→ About this task
A letter-for-letter copy of the listing is required, with no pictures in it.

→ Data section
● ● ● ● ● ● ●

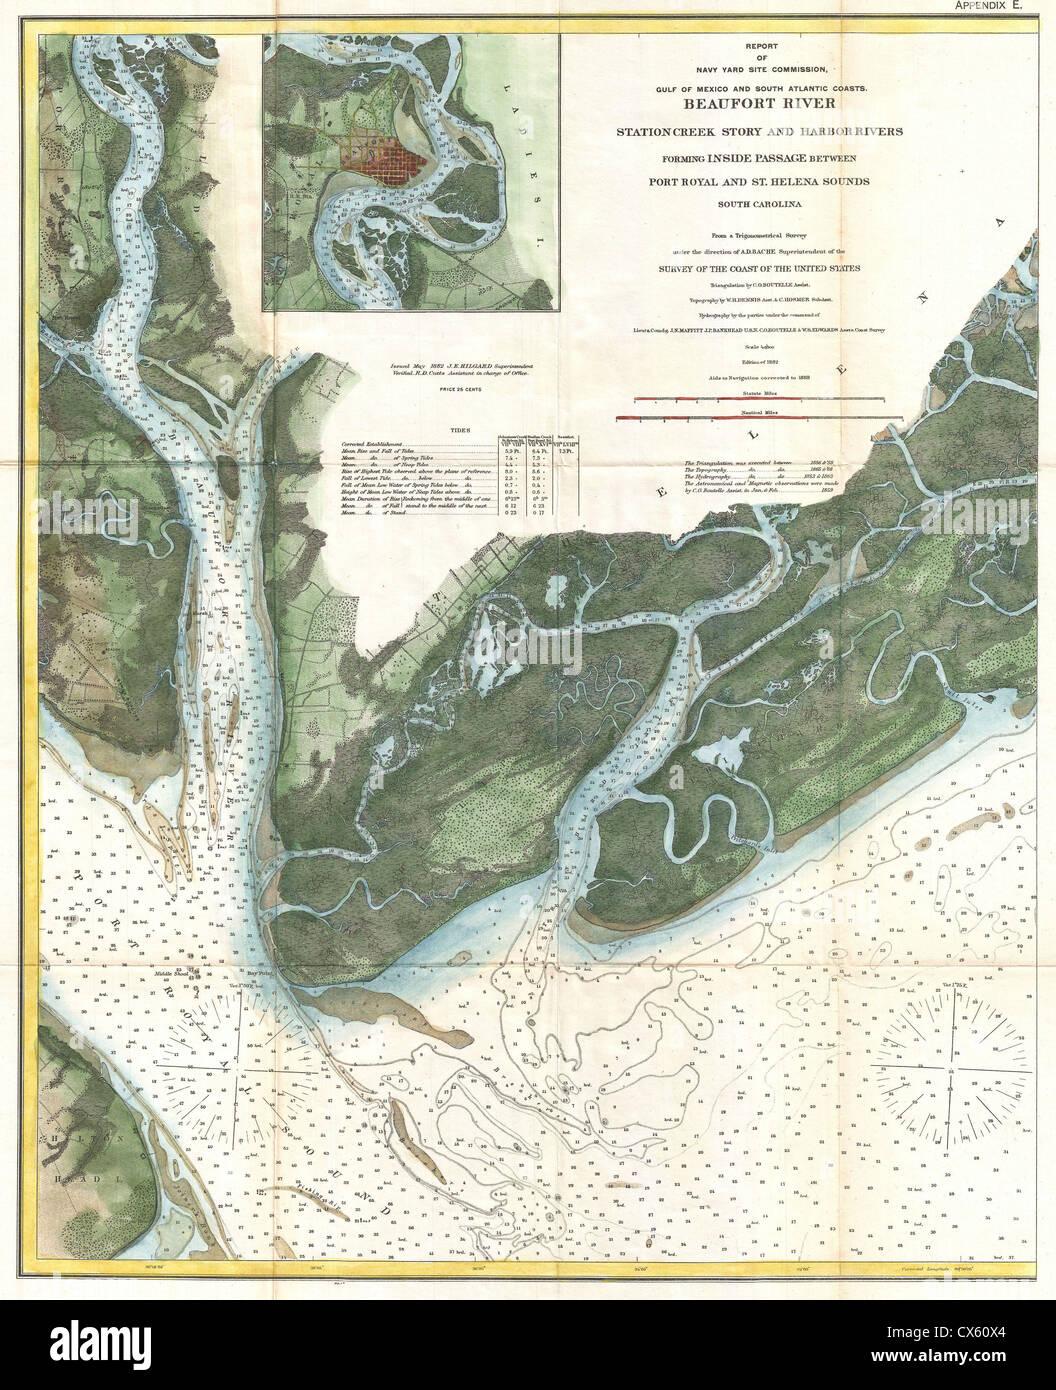 Coast Of South Carolina Map.1882 U S Coast Survey Map Of Beaufort South Carolina Stock Photo
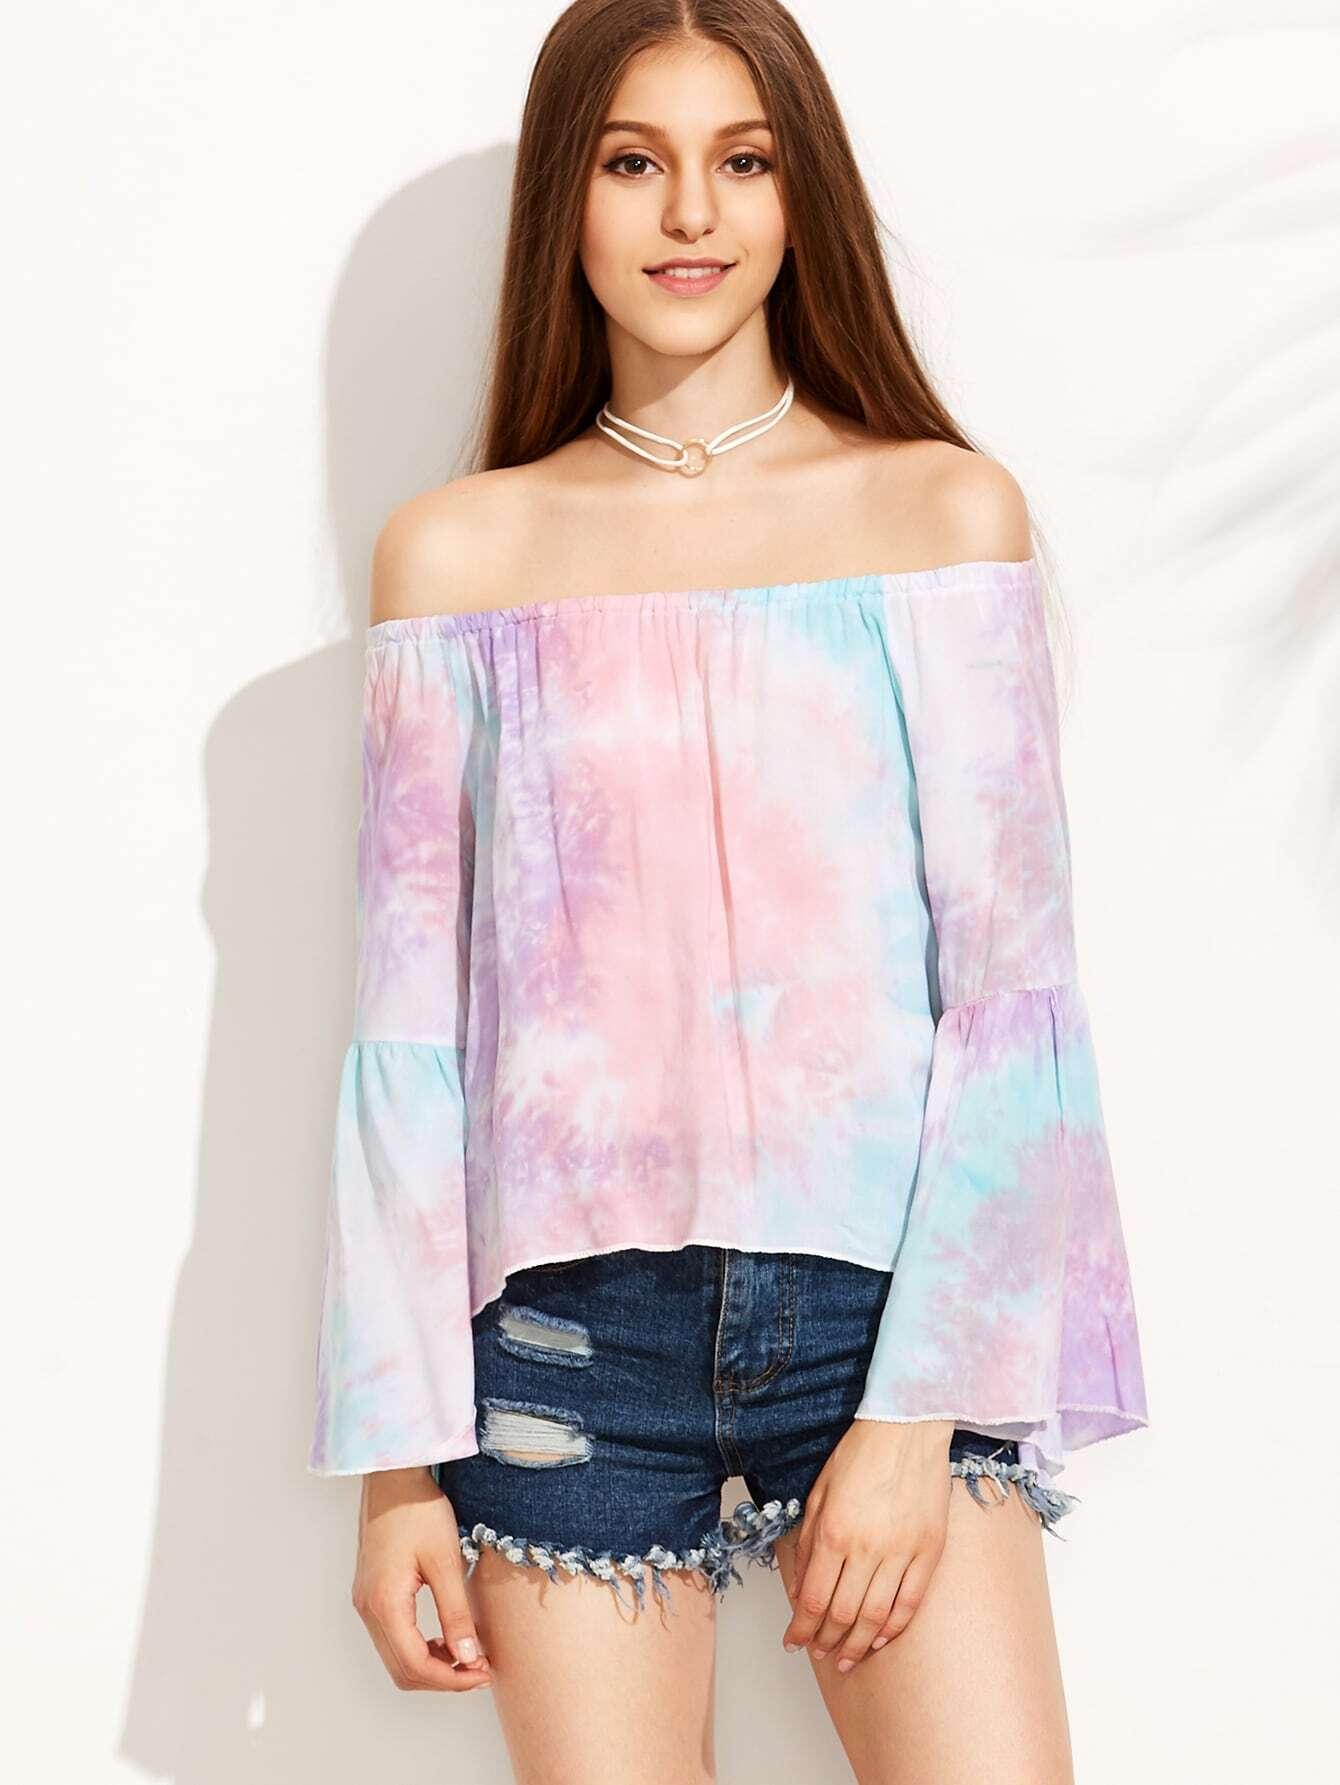 blouse160802003_2
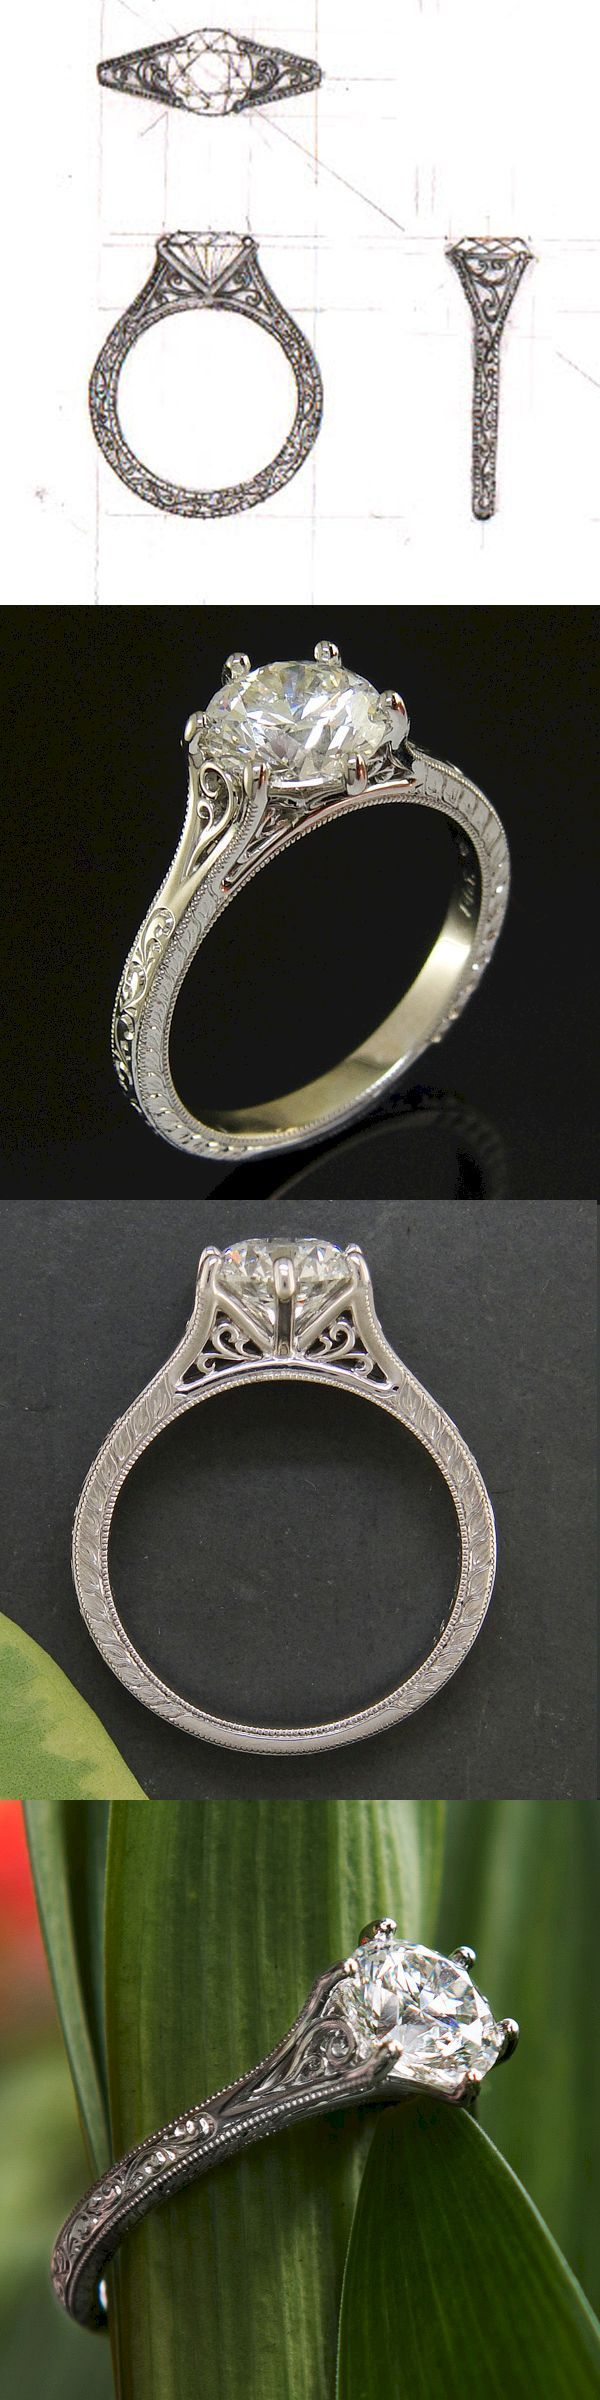 breathtaking vintage engagement rings inspirations engagement

● ● ● ● ● ● ●

→ Task solution
 Coast Of South Carolina Map.1882 U S Coast Survey Map Of Beaufort South Carolina Stock Photo
 blouse160802003_2
 breathtaking vintage engagement rings inspirations engagement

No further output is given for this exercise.